4.6. Materials to be Supplied.
------------------------
(a) All materials supplied and to be supplied to the Investors by
the Company are true, accurate and complete documents, including, but not
limited to, the Certificate of Incorporation and By-laws of the Company, as
amended to date, a list of stockholders of the Company, and any and all other
documents.
(b) All stockholders shown on the stockholders' list of the
Company referred to above are the proper owners thereof, and there are no
stockholders who are not shown on said list.
4.7. Information.
-----------
(a) The Company has delivered to the Investors true, accurate and
complete copies of the Company's Annual Report on Form 10-KSB for the fiscal
year ended December 31, 2001, and Quarterly Reports on Form 10-QSB for the
quarters ended March 31, 2002, June 30, 2002 and September 30, 2002 (the "SEC
5
Documents").
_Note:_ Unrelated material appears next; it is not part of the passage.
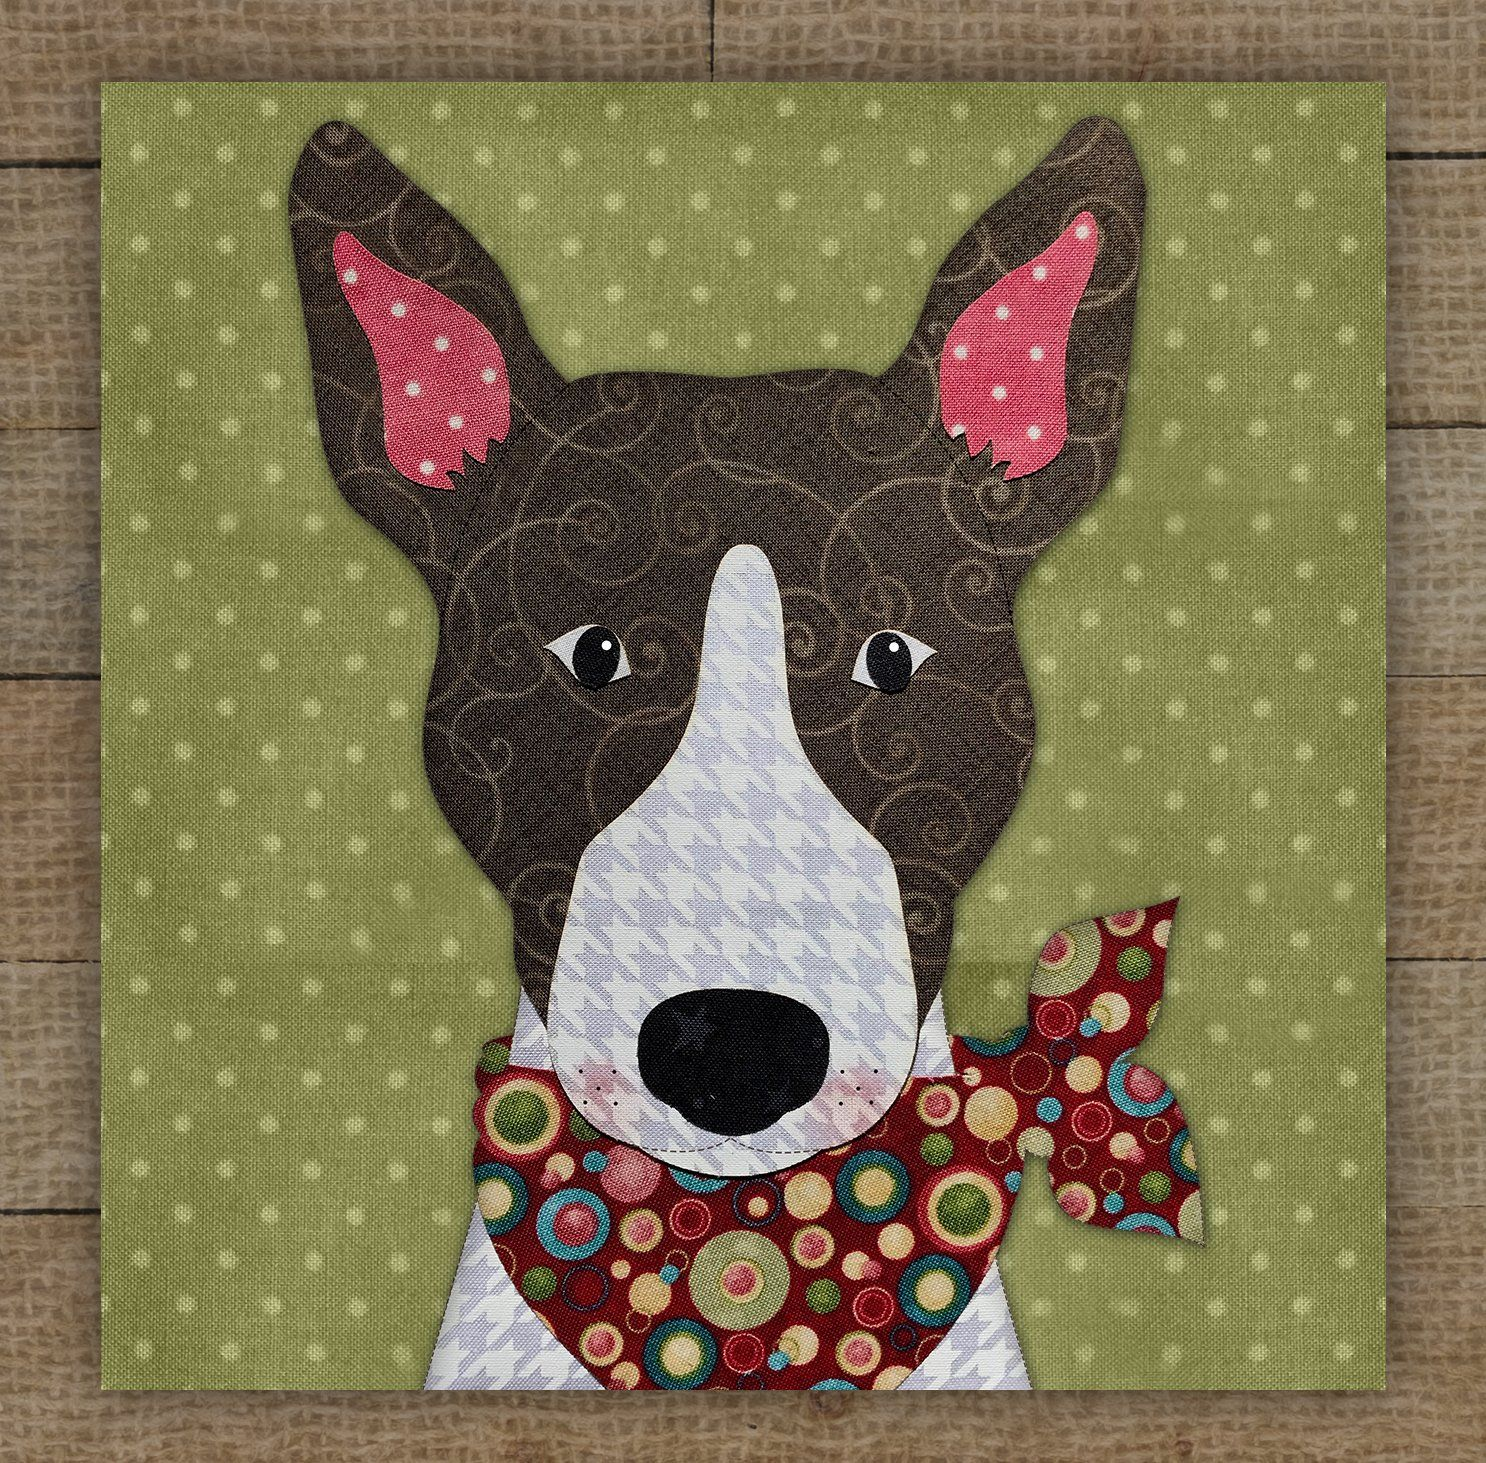 Bull Terrier (Brown) Precut Fused Applique Kit - 6
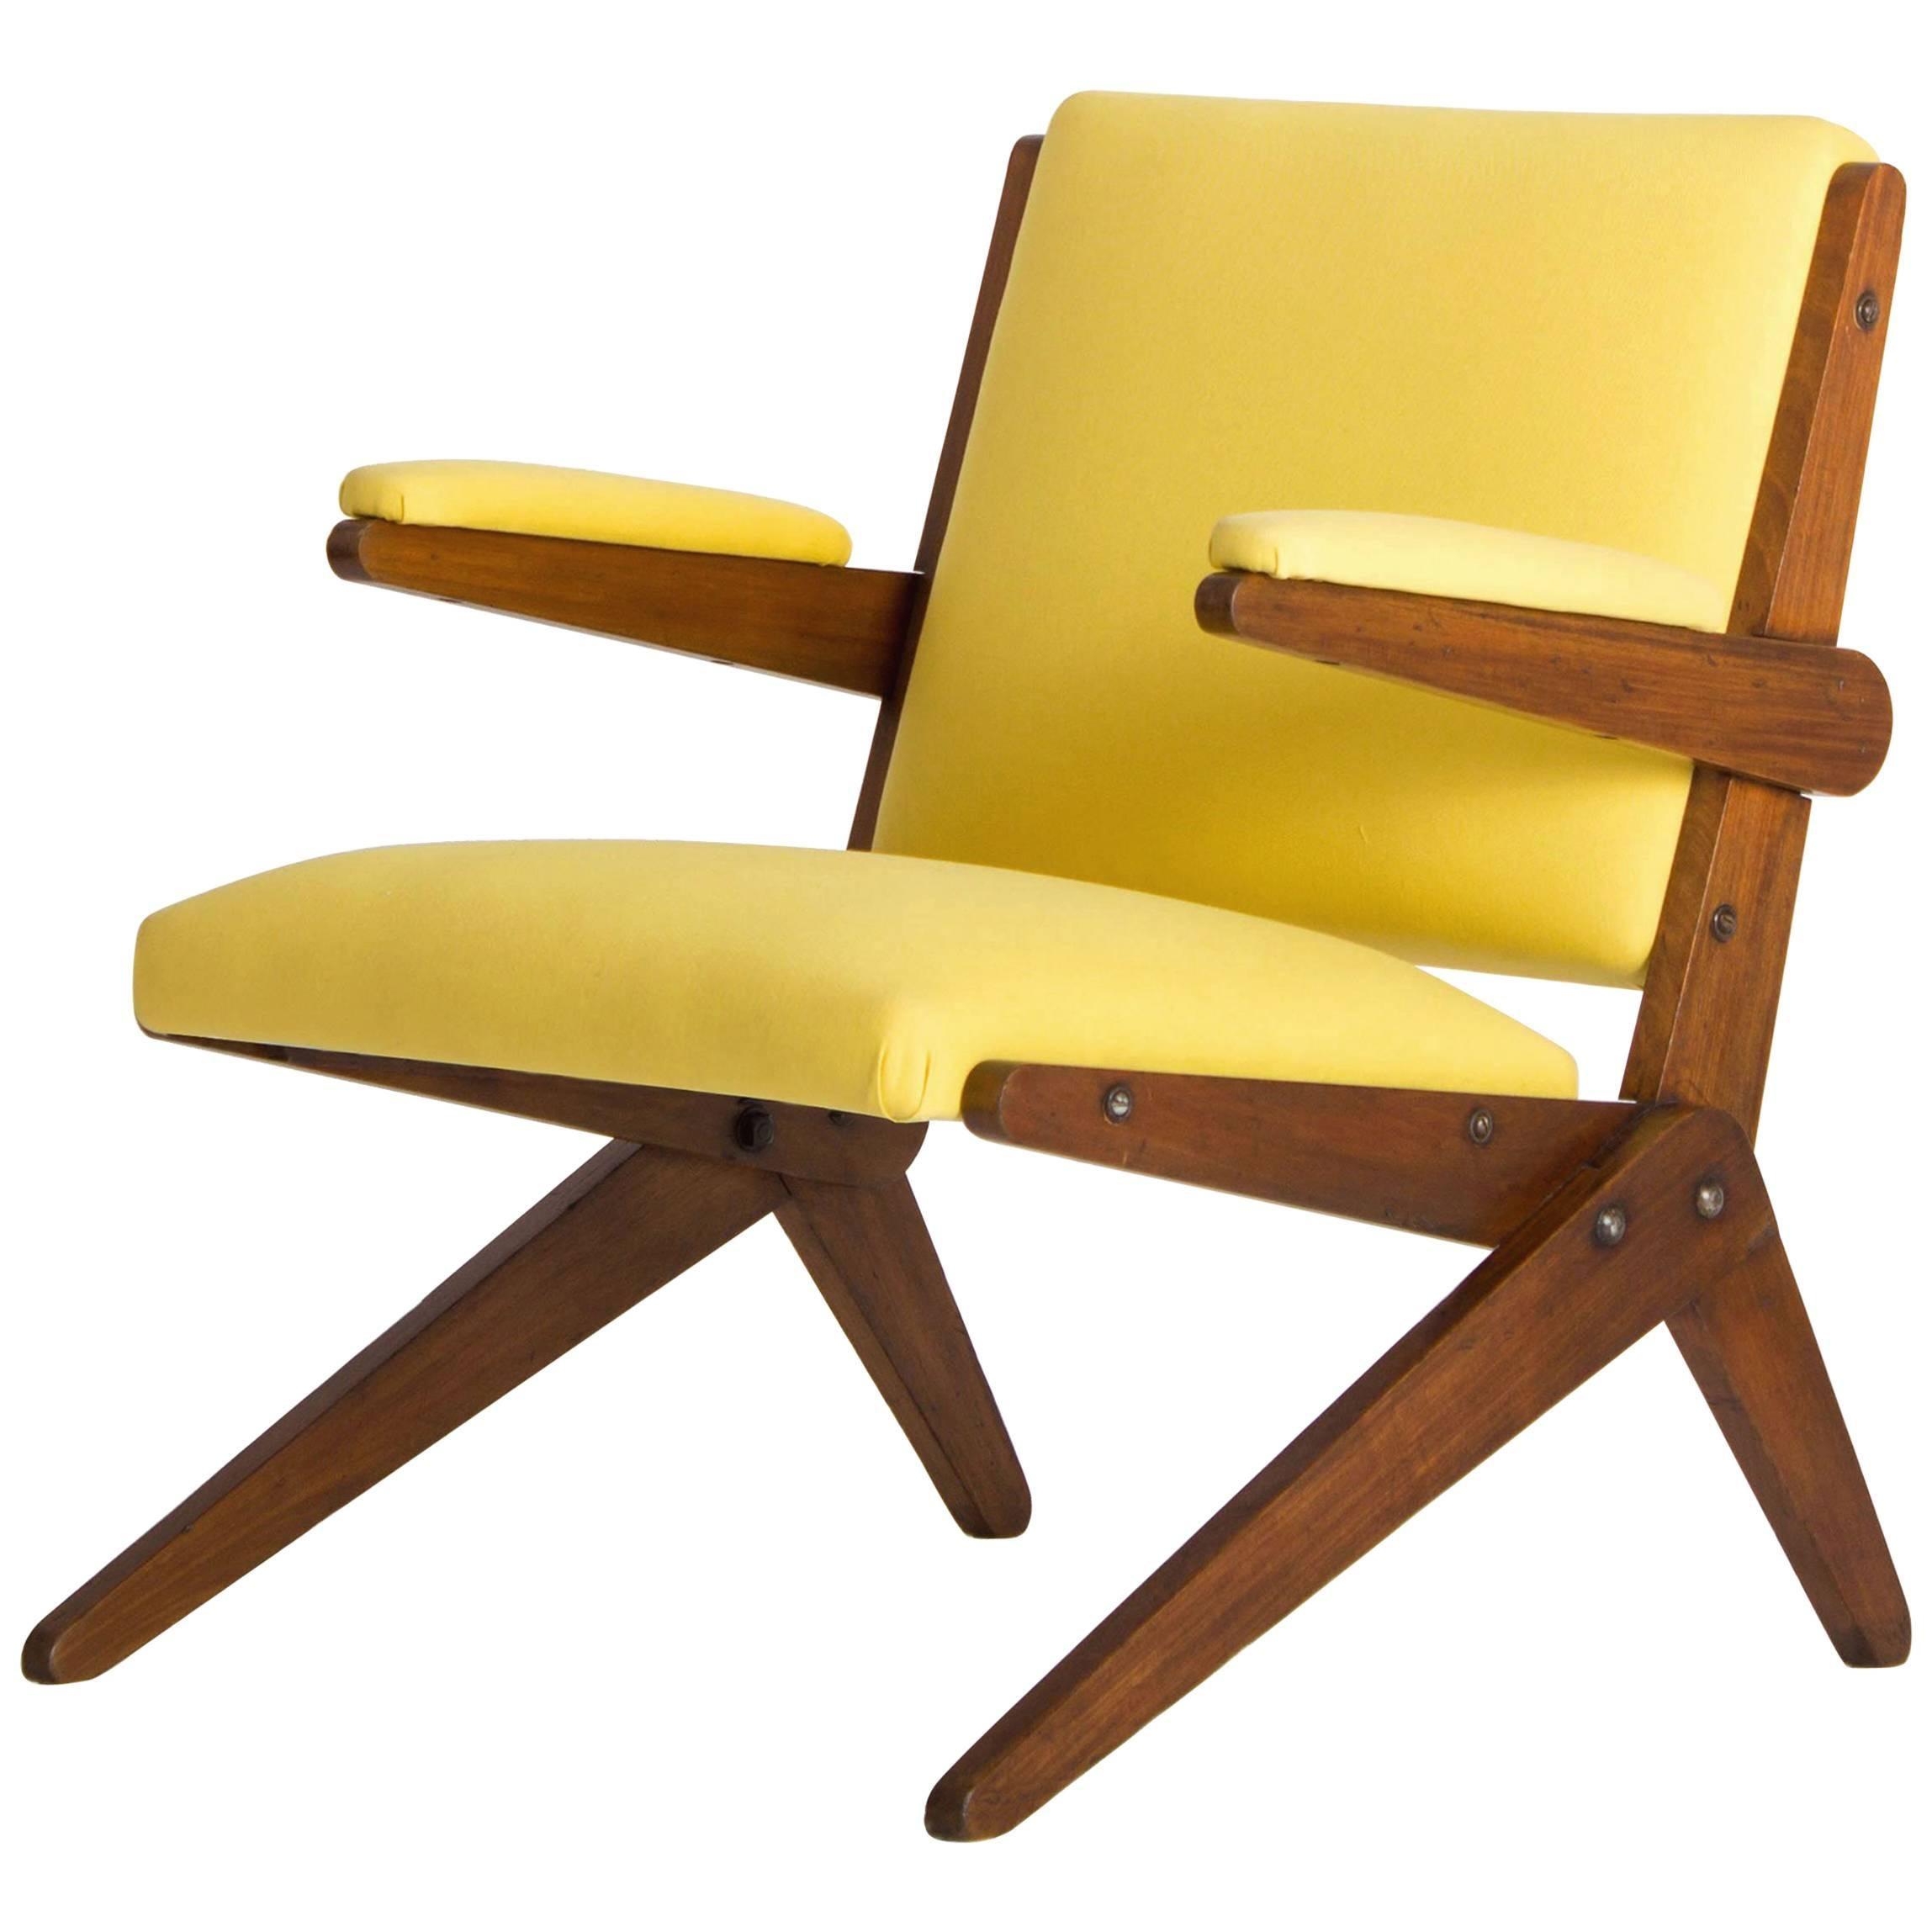 Yellow Lounge Chair By Lina Bo Bardi For Studio D´Arte Palma, Brazil,

None of the SEC Documents nor any other form, statement, notice,
report or document filed by the Company with the Securities and Exchange
Commission ("SEC") prior to the date hereof contained, as of their respective
dates, any untrue statement of a material fact or omitted to state a material
fact necessary in order to make the statements contained therein not misleading.
(b) The Company has not filed, and nothing has occurred with
respect to which the Company would be required to file, any report on Form 8-K
since September 30, 2002. Prior to and until the Closing, the Company will
provide to the Investors copies of any and all reports filed by the Company
after September 30, 2002 with the SEC and any and all reports or notices
delivered to the stockholders of the Company concurrently with the filing or
delivery thereof.
4.8. Financial Statements.
--------------------
The balance sheets, and statements of operations, cash flows and
shareholders' equity contained in the SEC Documents have been prepared in
accordance with generally accepted accounting principles applied on a basis
consistent with prior periods (and, in the case of unaudited financial
information, on a basis consistent with year-end audits). The financial
statements included in the Company's Annual Reports on Form 10-KSB filed with
the SEC are as audited by, and include the related opinions of, Baron
Accountancy Corp., the Company's independent certified public accountants. The
financial information included in the Company's Quarterly Reports on Form 10-QSB
filed with the SEC are unaudited, but reflect all adjustments (including
normally recurring accounts) which the Company considers necessary for a fair
presentation of such information.
4.9. Disclosure.
----------
There is no fact relating to the Company that the Company has not
disclosed to the Investors in writing which materially and adversely affects
nor, insofar as the Company can now foresee, will materially and adversely
affect, the condition (financial or otherwise) of the Company. No representation
or warranty by the Company herein and no information disclosed in the disclosure
schedules and exhibits hereto by the Company contains any untrue statement of a
material fact or omits to state a material fact necessary to make the statements
contained herein or therein not misleading.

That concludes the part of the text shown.